Kate Alexandra Lundy (born 15 December 1967) is a former Labor Party member of the Australian Senate, representing the Australian Capital Territory. Lundy served as the Minister for Multicultural Affairs and the Minister Assisting for the Digital Economy in the Second Rudd Ministry; having previously served as the Minister for Sport and the Minister Assisting the Minister for Industry and Innovation.

Background and early career
Born in Sydney, Lundy left school without completing Year 11 and did not tell her parents. She went to work on a construction site. She became the trade union representative and began her career in the Building Workers' Industrial Union.

Political career

In 1996, aged 28, Lundy became the youngest woman from the Australian Labor Party to be elected to the federal parliament; since superseded by Kate Ellis. She replaced Bob McMullan in the Senate when he moved to a lower house seat in that year's election.

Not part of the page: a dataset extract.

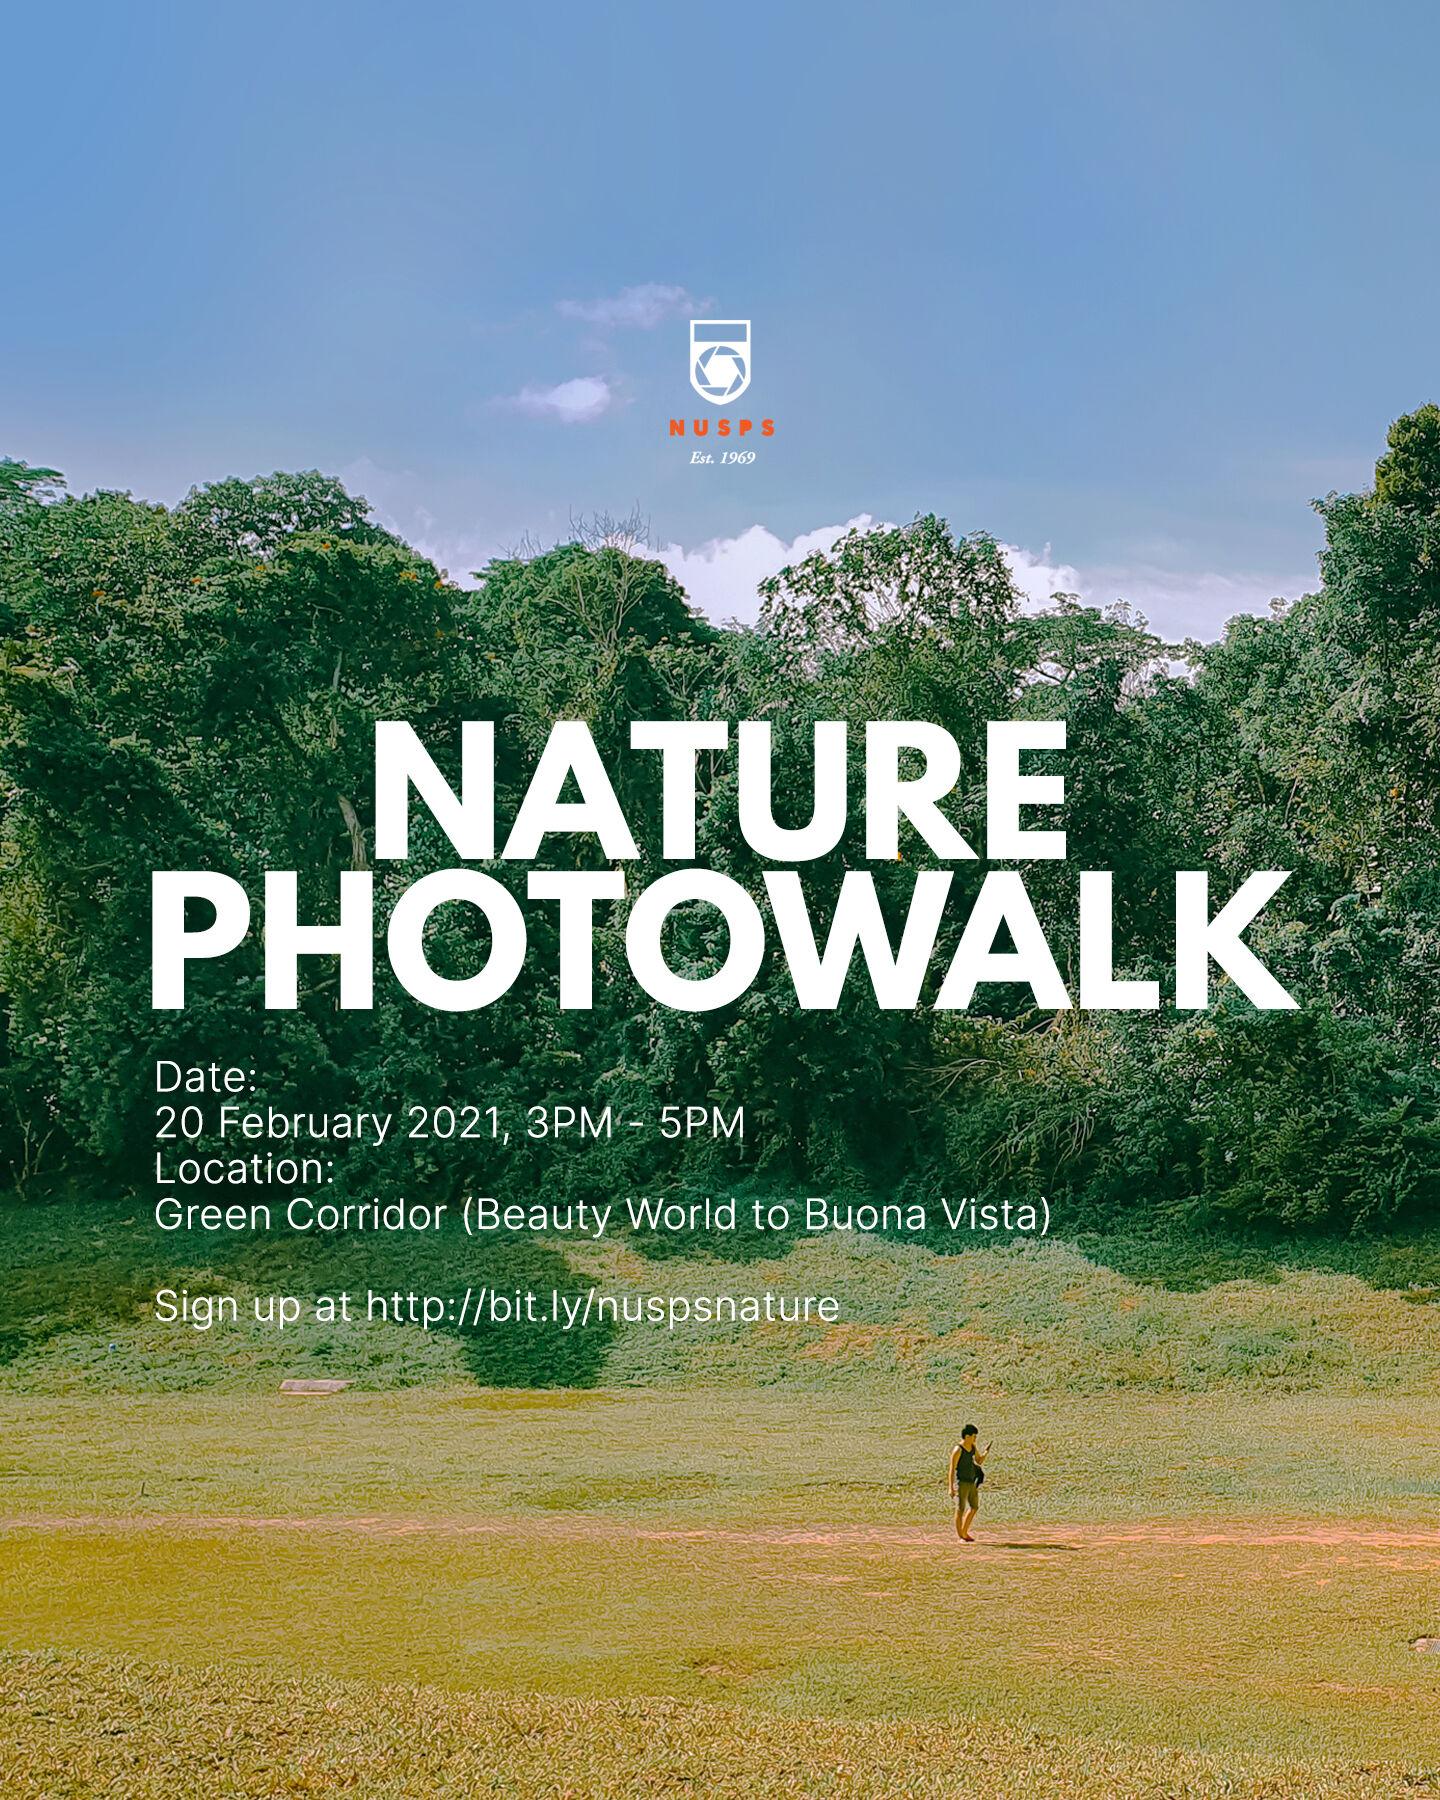 Nature Photowalk 2021 @ The Green Corridor
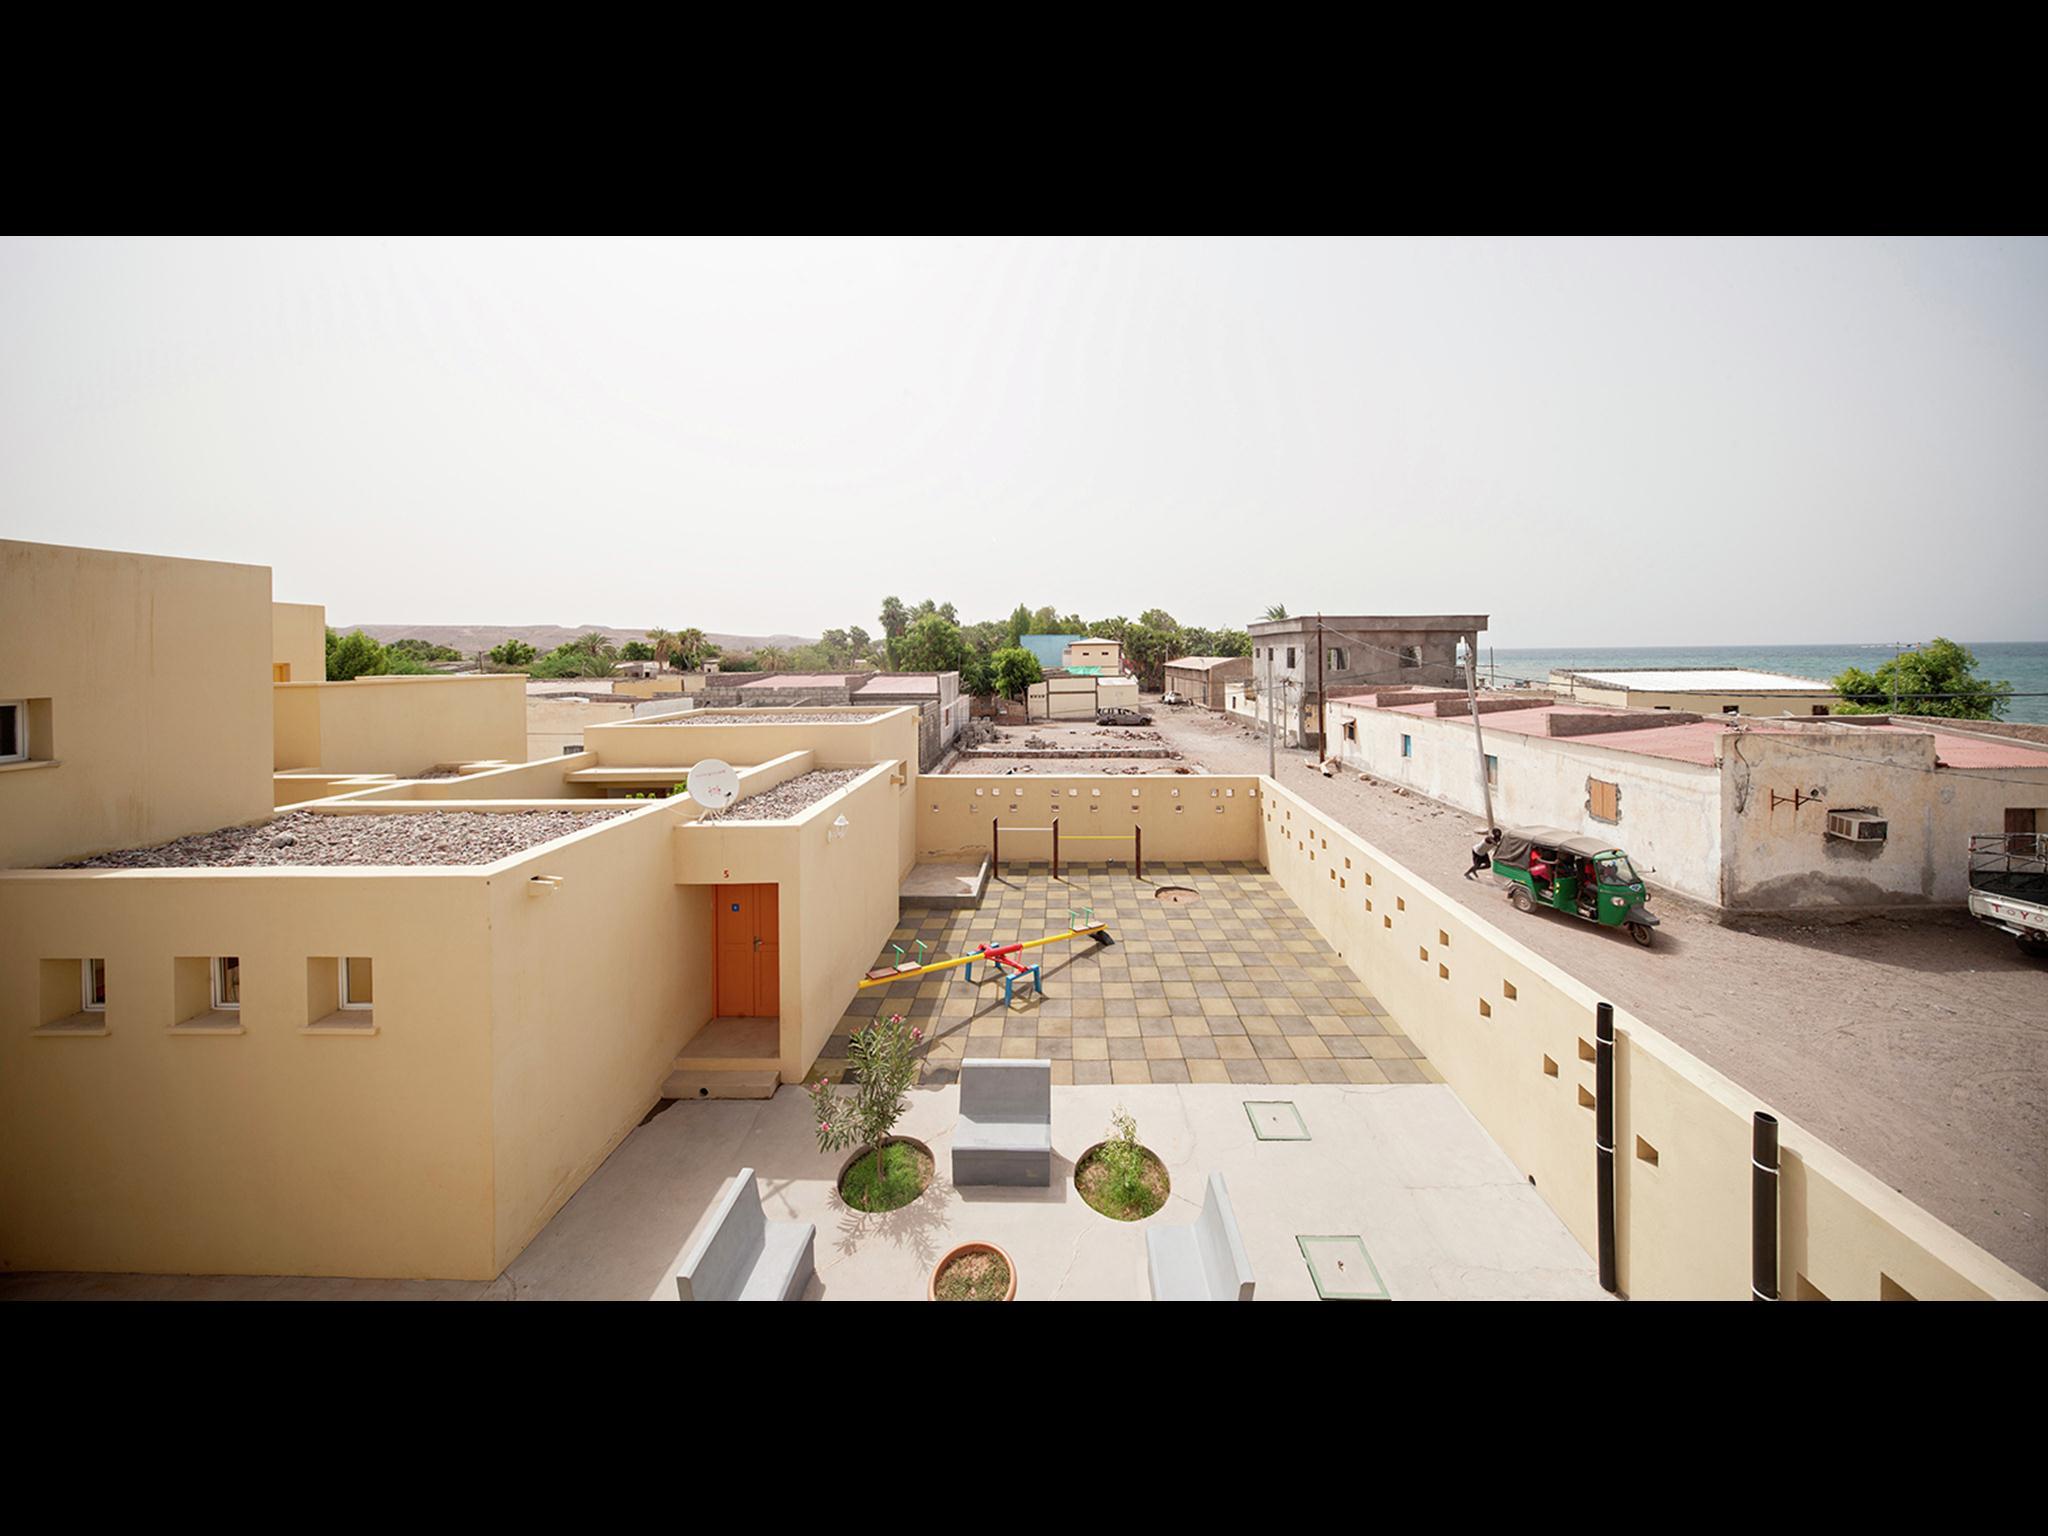 SOS_Village_Djibouti_-_Squares_(11)

After the 1998 election, Lundy was made Shadow Minister for Sport and Youth Affairs and Shadow Minister Assisting the Shadow Minister for Industry and Technology on Information Technology. In 2001 she became Shadow Minister for Information Technology and Sport. She added the Arts and Recreation to her responsibilities in 2003 after Mark Latham became federal Labor leader. She was Shadow Minister for Manufacturing and Consumer Affairs from October 2004 to June 2005, when she was appointed Shadow Minister for Sport and Recreation. With the election of Kevin Rudd as Leader of the Parliamentary Labor Party in December 2006, the responsibilities of Health Promotion and Local Government were added to Lundy's responsibilities for Sport and Recreation.

Following the 2007 federal election, Lundy was replaced by Kate Ellis, who was appointed as Minister for Sport and Minister for Youth.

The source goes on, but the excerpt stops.